I botched this the first time, but now, I'm not afraid to speak my mind about this. To cut to the chase, I'm mixed; I'm Black-Spanish, for my mother was from the Bahamas, and my father (who was light-skinned) was from Central America. I've personally never had any sort of identity issues or trouble identifying myself when I was growing up. In fact, back then I used to flaunt how I was a "mutt" all around when I was in school. I don't do it as much, but I'm still proud of who I am.
But, what I want to know is this: Have any of you out there who's also mixed had identity issues? I mean, I've met mixed people, both online and offline, who've had absolutely no problems with who they are. I'm just talking about me and how I'm mixed with two things... I've encountered "mutts" who're mixed with over FIVE different things. How's that for a struggle? And yet... they don't have any struggle at all. I'll admit, I didn't know my biological father that well.
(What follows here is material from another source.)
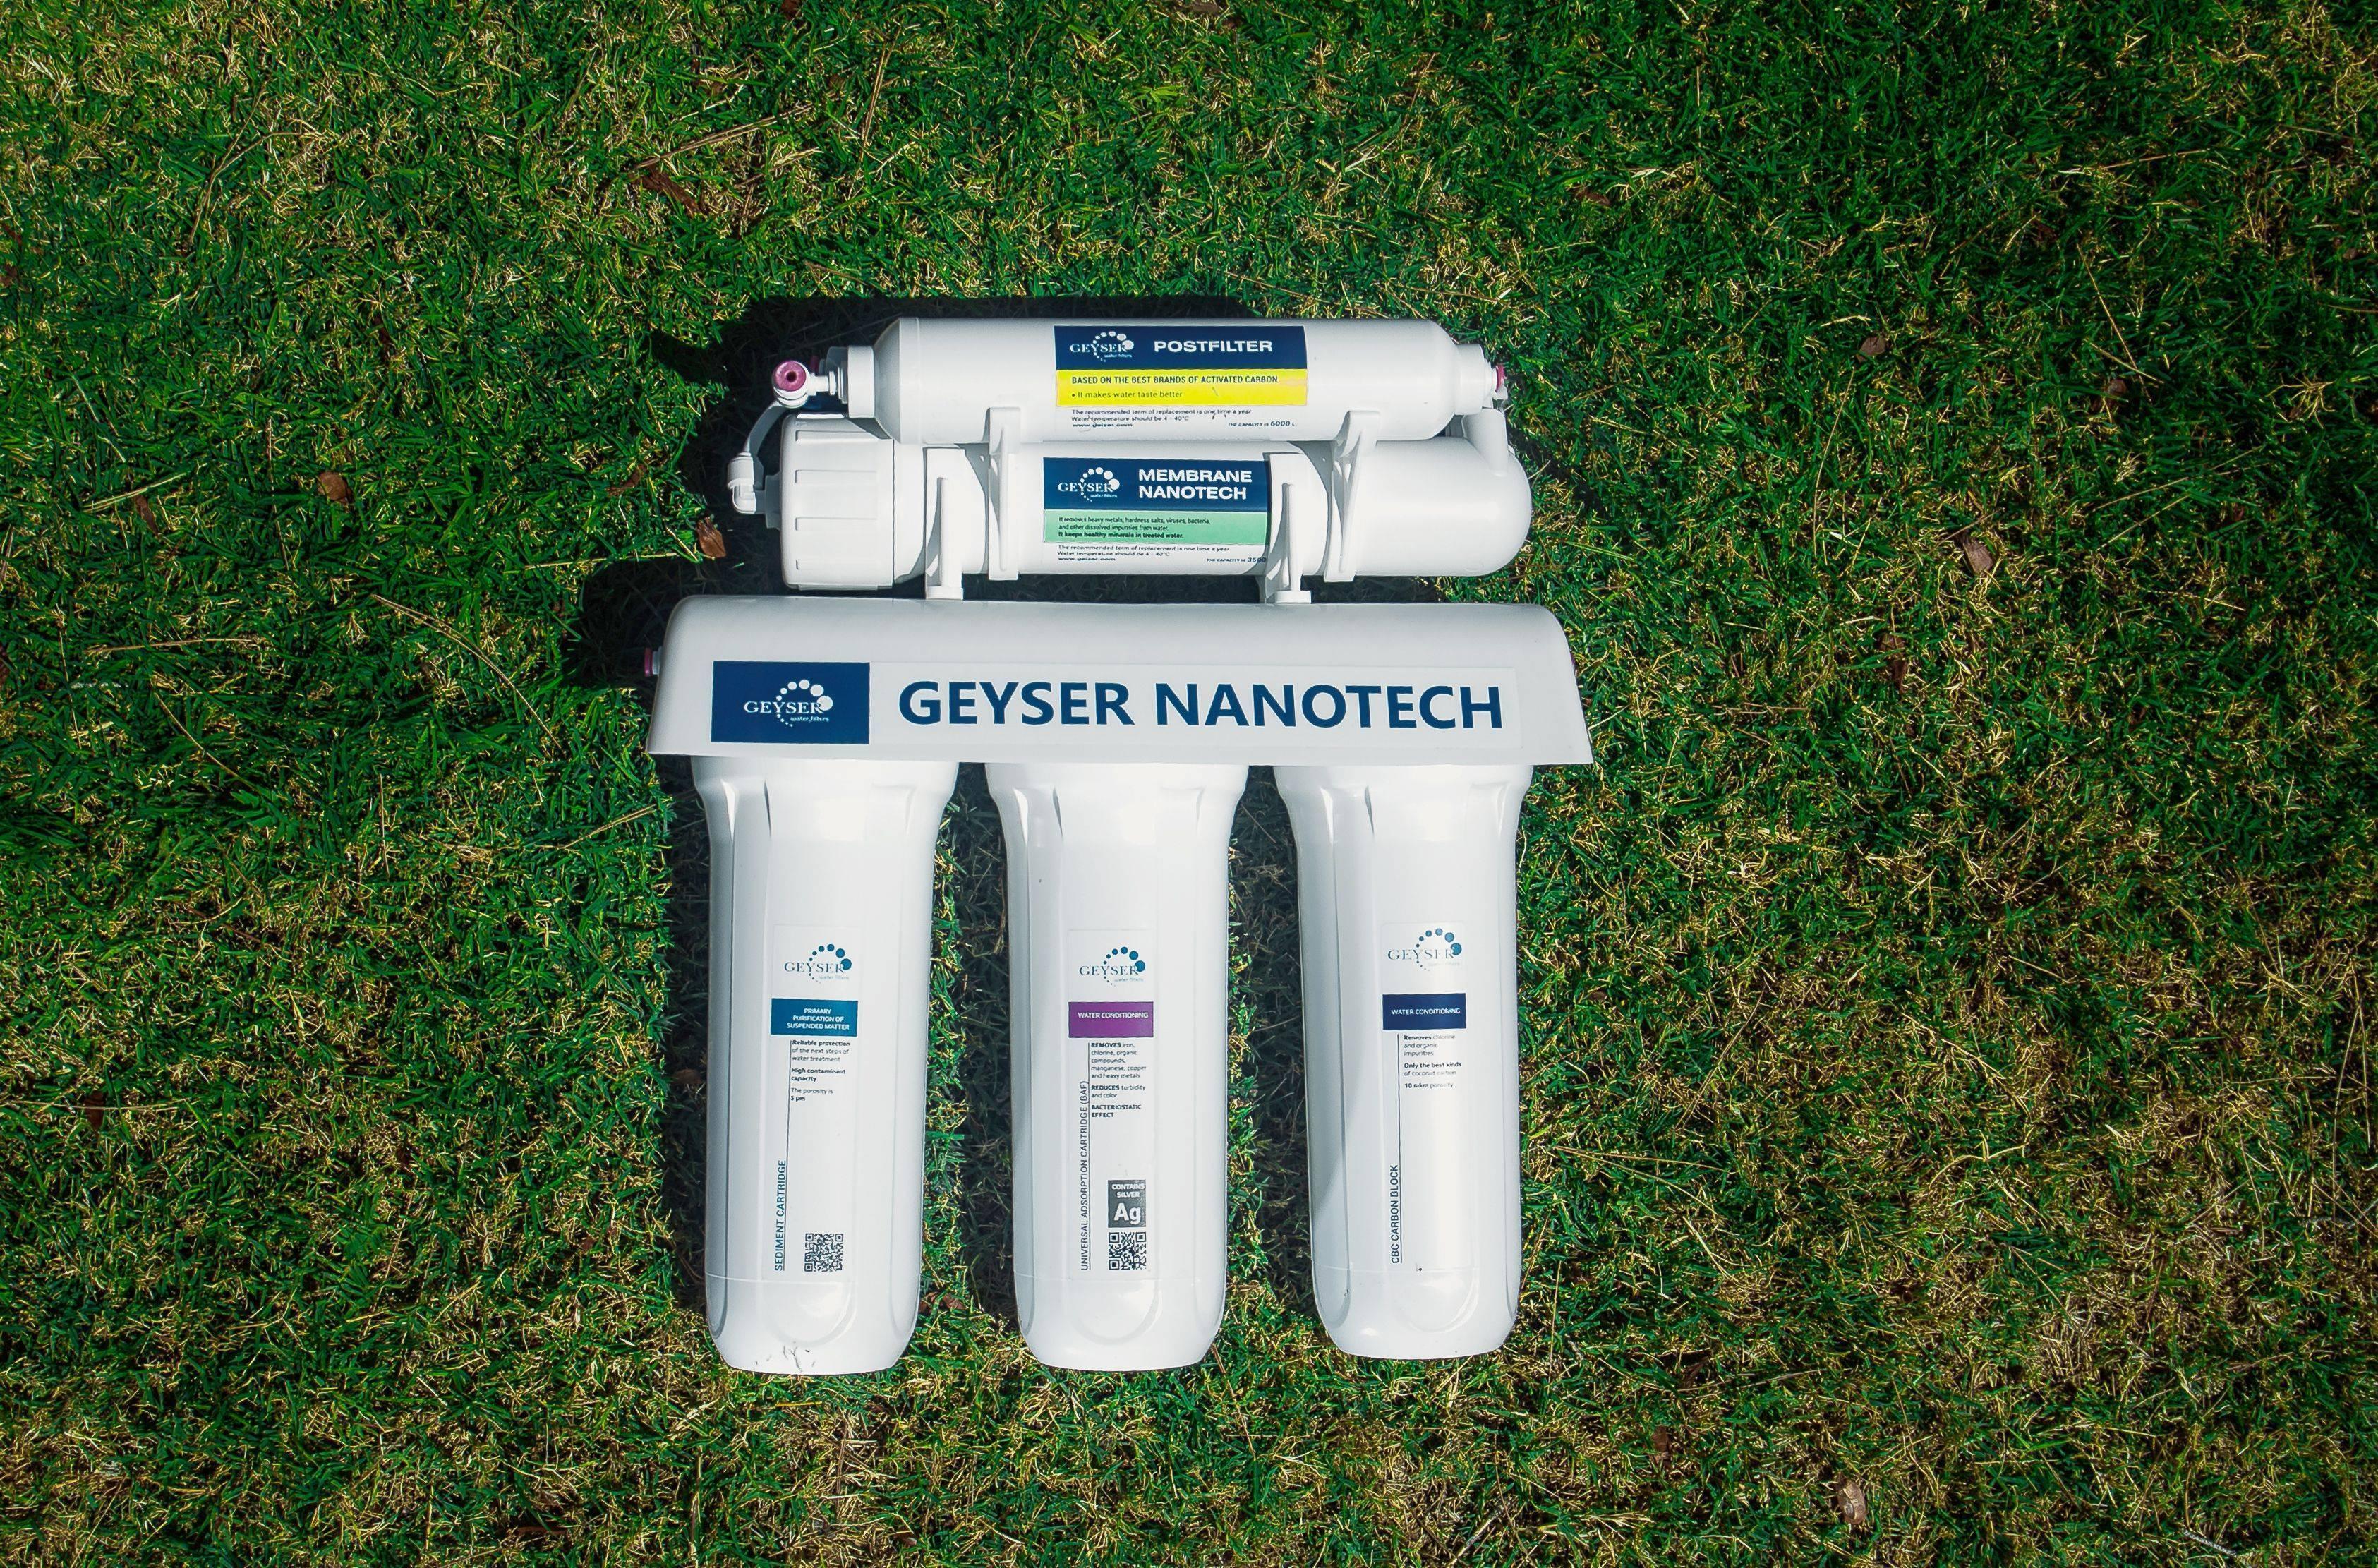 Sistema de osmosis inversa GEYSER NANOTECH
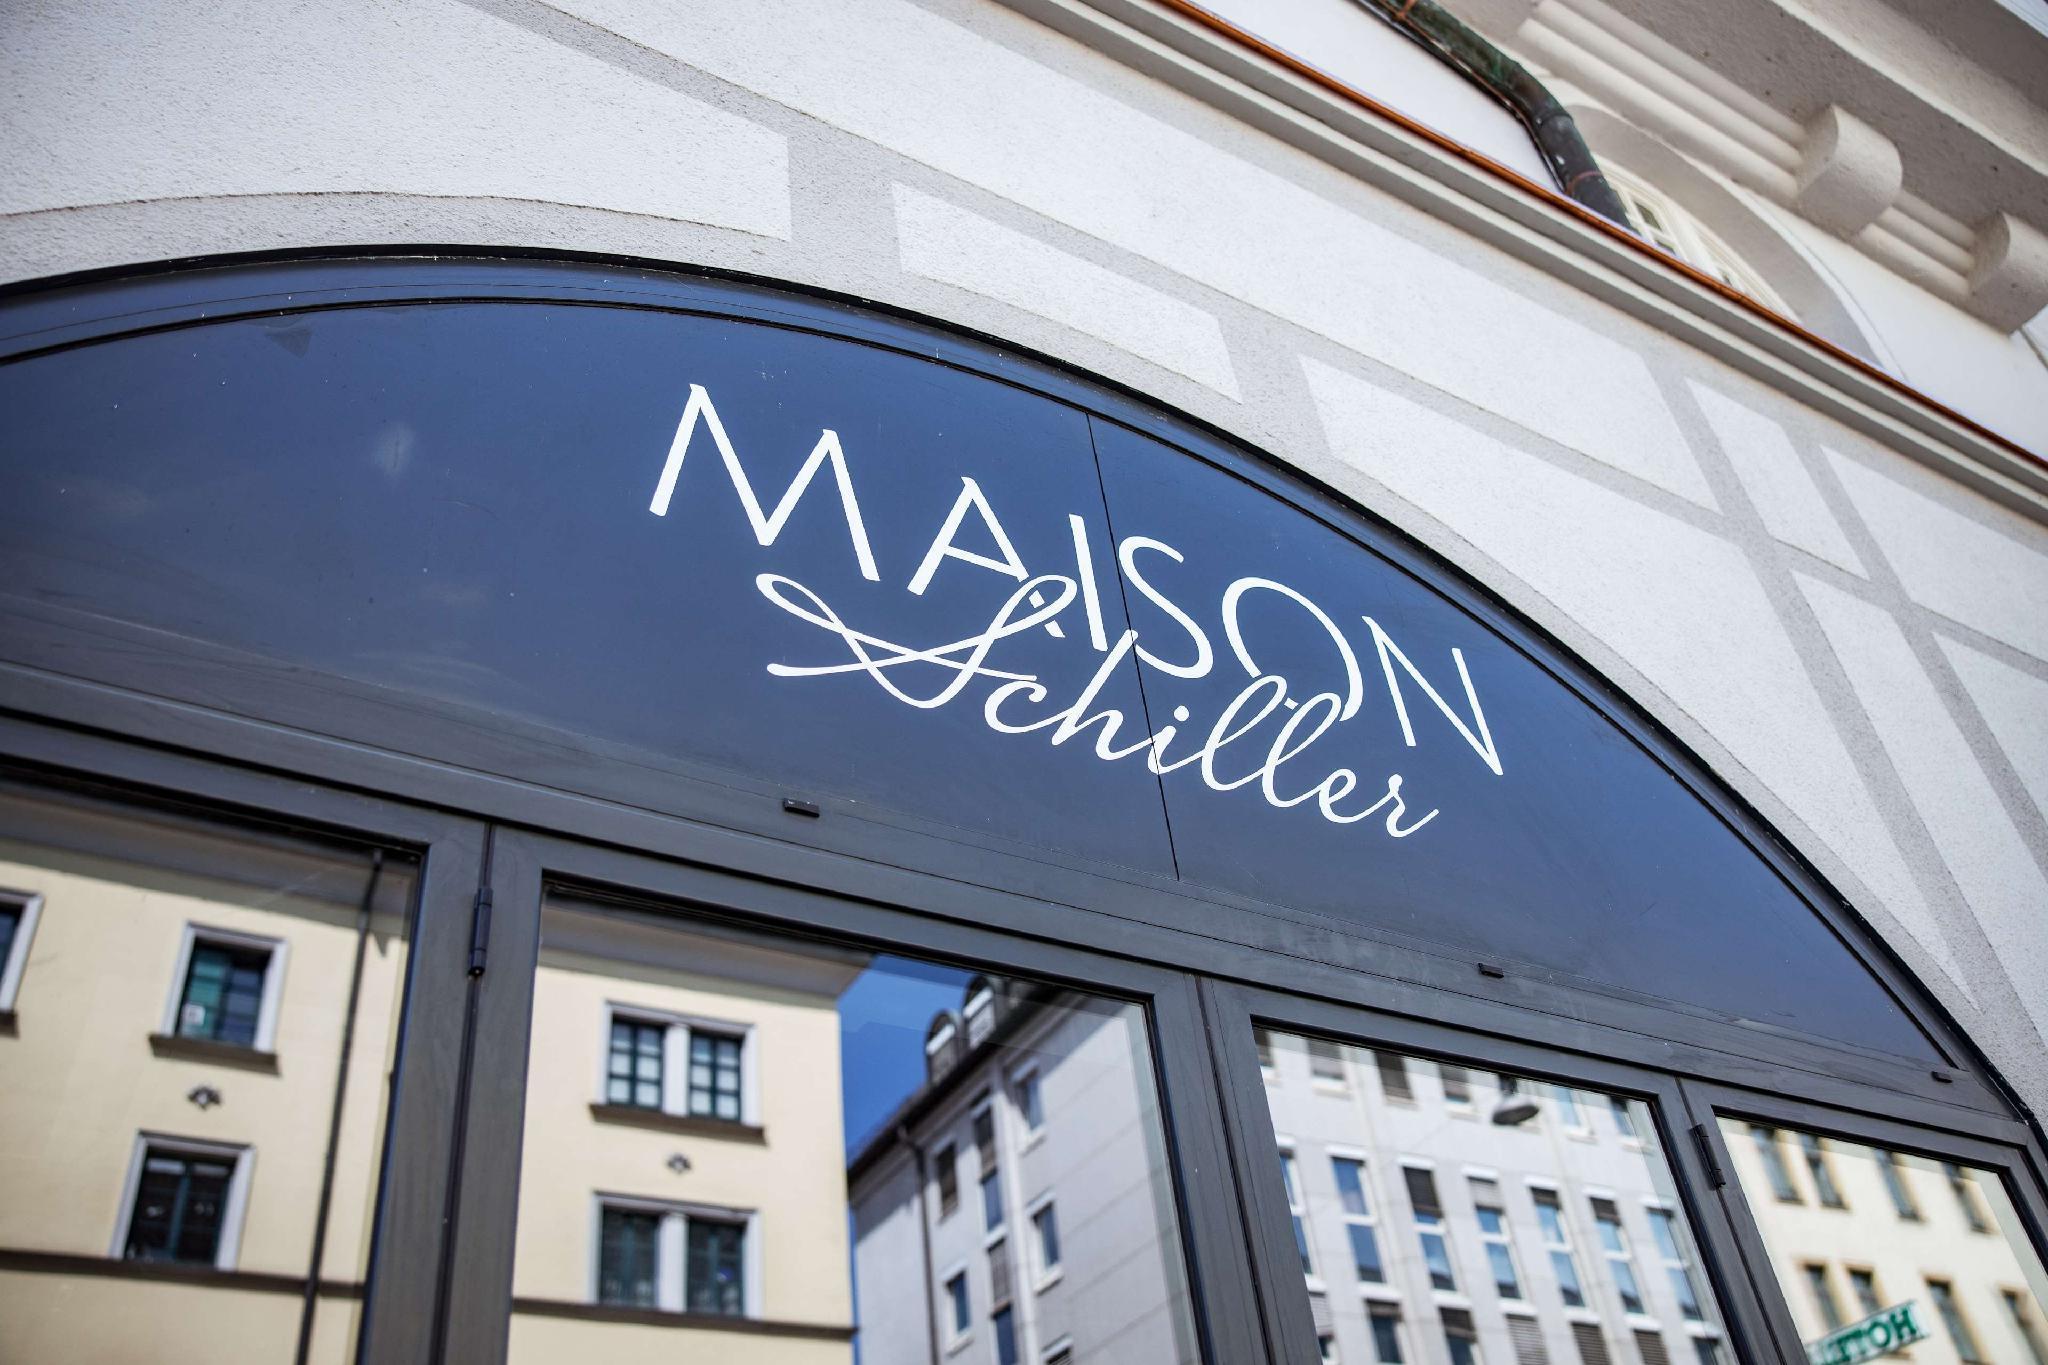 Maison Schiller By DesignCity Hotels

He was around was I was younger, but he's nowhere to be seen now. It isn't that he died or he cheated on my mom, mind you, it's just that they didn't really get along, so they separated, and my mom remarried, and I stayed with her. But that's besides the point. I grew up among my mother's side of the family, which were all primarily black, which is why nowadays I identify primarily as black. But as I got older and learned more about my father, I began to embrace my Spanish side.
To cut to the chase, I'm fully-grown now, and to this day, being mixed hasn't really bothered me. In fact, the only reason I started thinking about it again is because I heard from "very reliable sources" that there are apparently people out there like who had it far harder than I ever did. And yes, if that's the case, then I understand it. But I'm here to say that I am MIXED, and I am proud of who I am, and I'll never let anybody tell me otherwise.
But now I ask all of you: Have you had any problems being of mixed race? Have you accepted who YOU are?